Ask HN: What are your favorite browser add-ons? - LogicHoleFlaw

What are the YCers' favorite browser plugins for web development or just plain browsing?<p>Are there any features you use in Firefox/Safari/Opera or another browser that you just haven't seen elsewhere?
======
zacharye
In terms of browsing, these are the add-ons I don't know that I would fair
well without:

easyGestures, Adblock Plus, ChromEdit Plus / Smart Bookmarks Bar,
Greasemonkey, Foxmarks Bookmarks Synchronizer

Also a fan of some others such as Zotero, Delicious, Tab Catalog and a few
others.

------
LogicHoleFlaw
My personal favorites in Firefox for personal browsing are: Adblock Plus,
Colorful Tabs, NoScript, Nuke Anything, Popup ALT Attribute (for XKCD), and
Tree Style Tab.

For web development I find Web Developer and Firebug indispensable.

------
unalone
Inquisitor is the only add-on I use, for Safari.
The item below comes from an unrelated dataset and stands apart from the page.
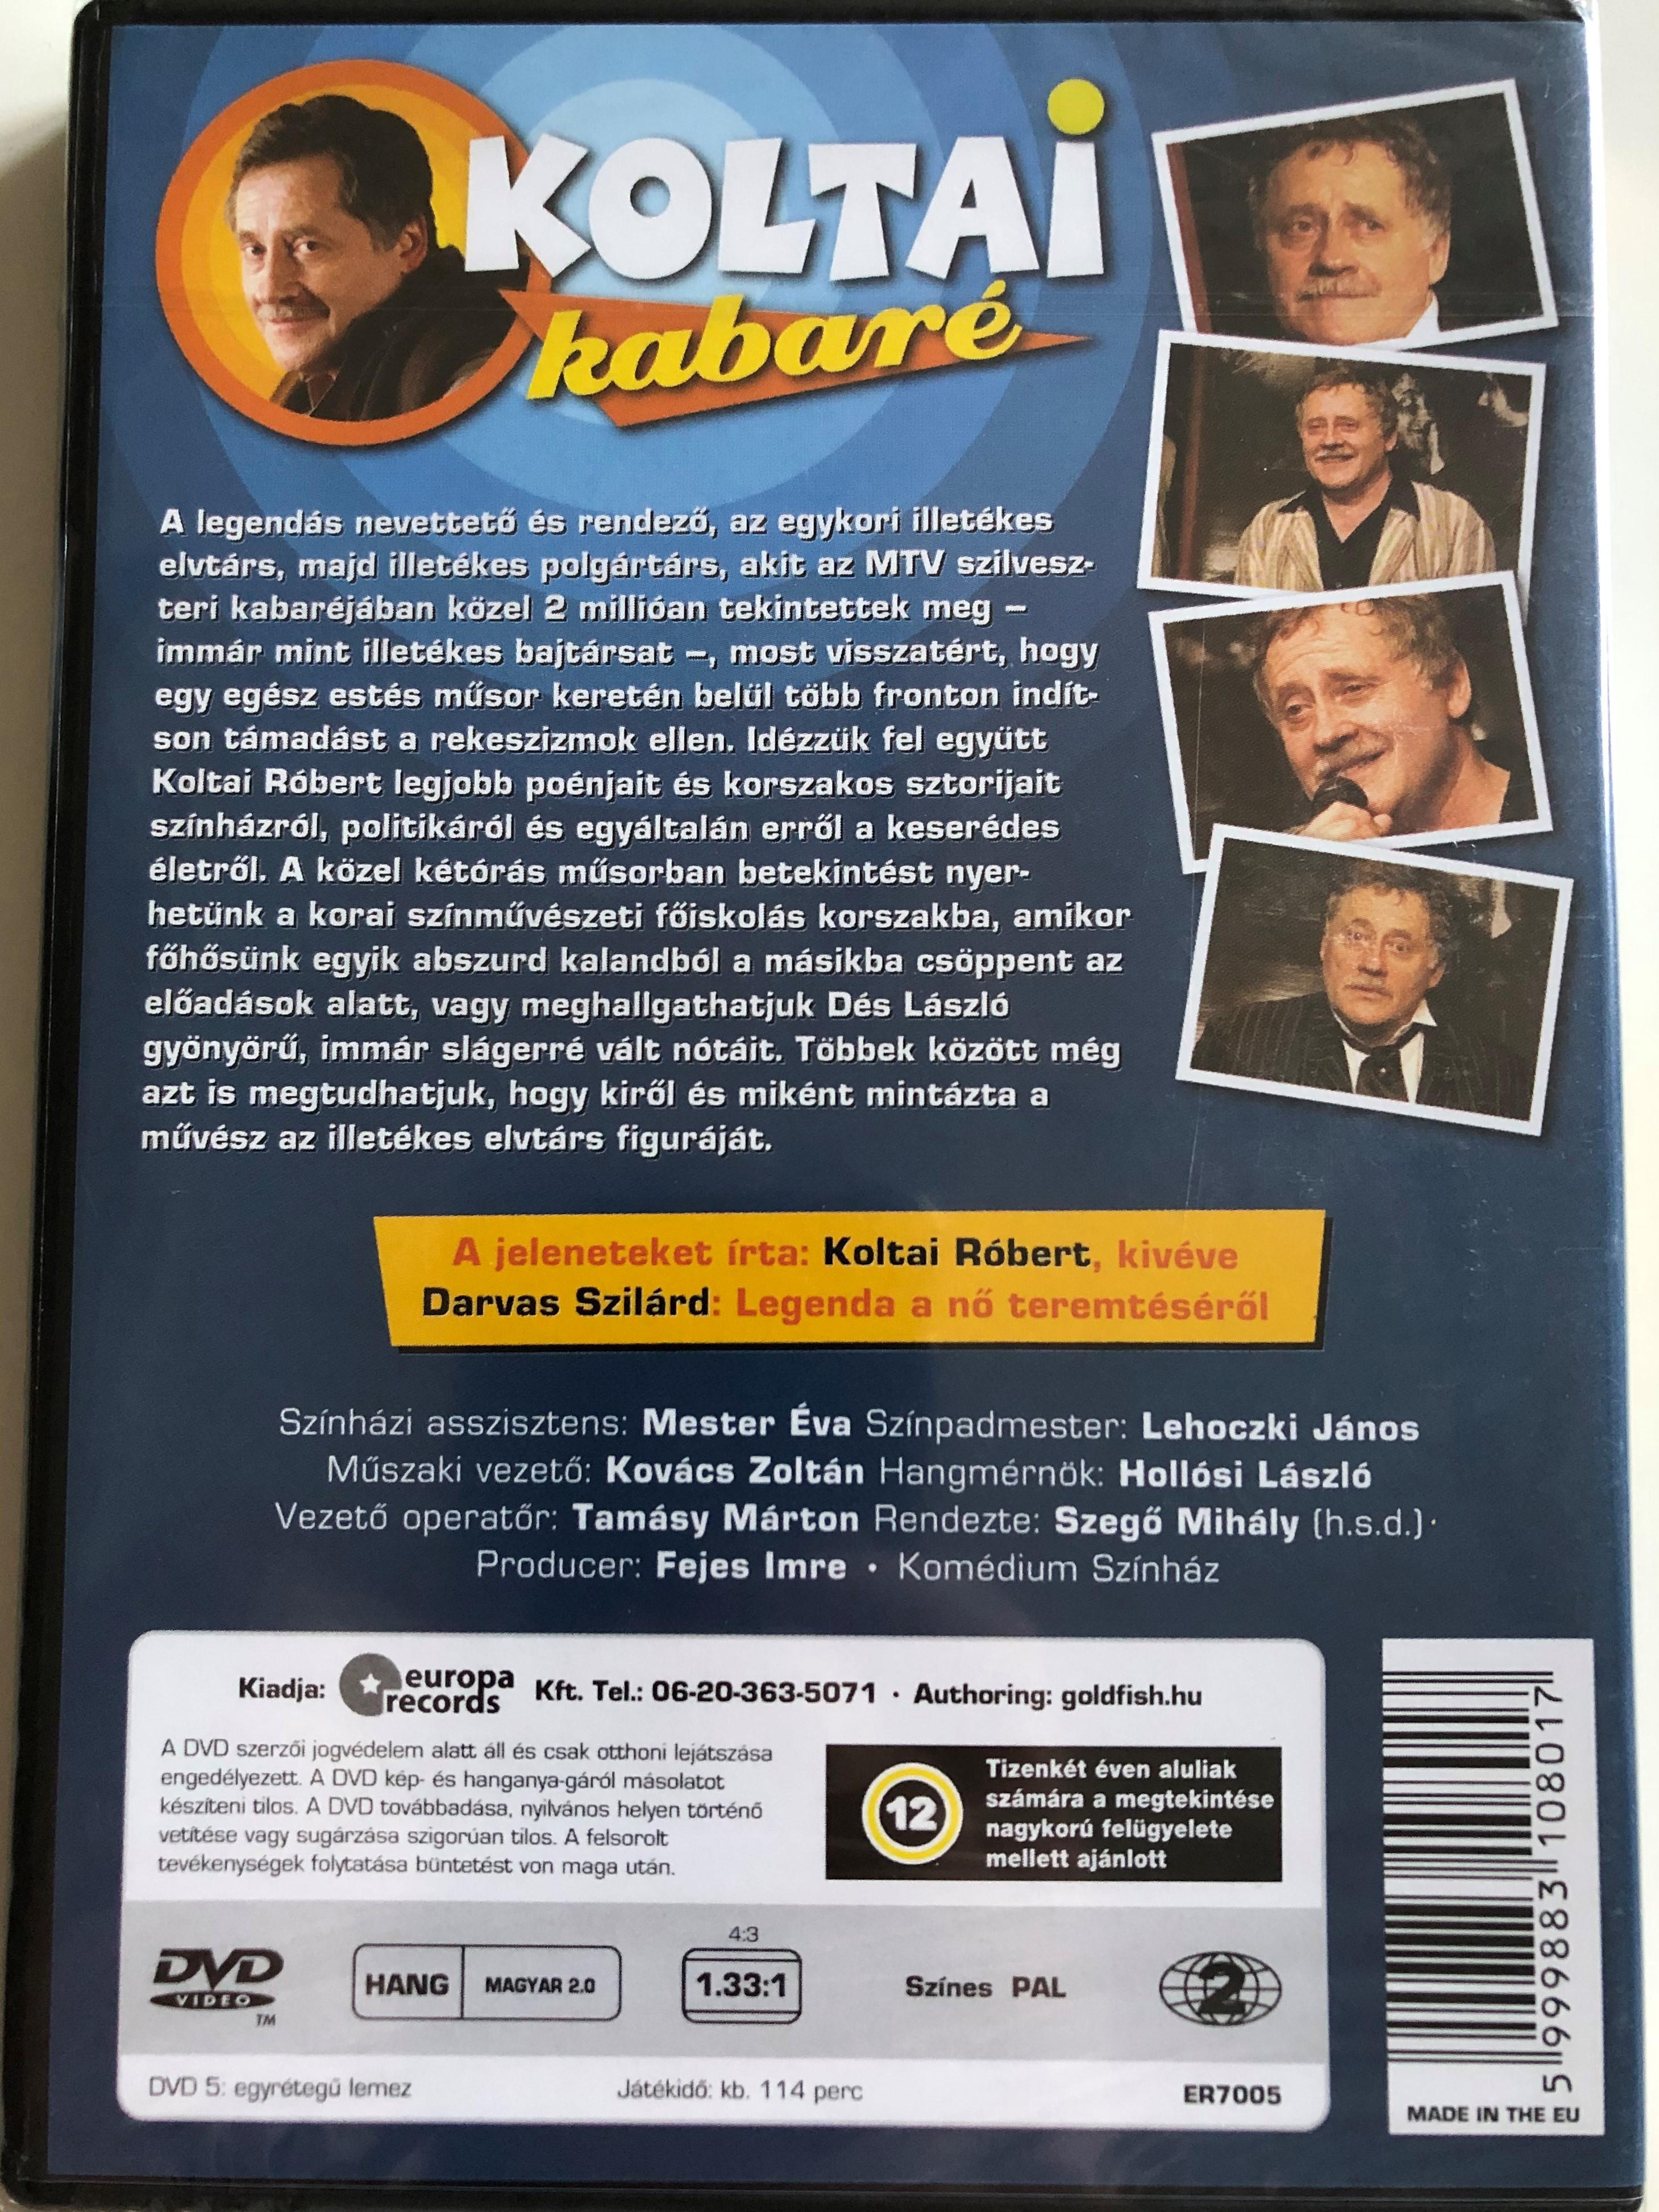 koltai-kabar-dvd-2007-koltai-cabaret-directed-by-szeg-mih-ly-2.jpg

It's a beautiful add-on and
it's the only thing that does something for my browser that makes me more
productive.

------
AndyKelley
I can't wait till everyone starts using Adblock (Plus) and it completely
throws off the Internet economy.

------
dhotson
Firebug is a pretty obvious choice. Highly recommended!

I also use Flashblock.. oh and Sage for RSS.

------
AlfaWolph
vimperator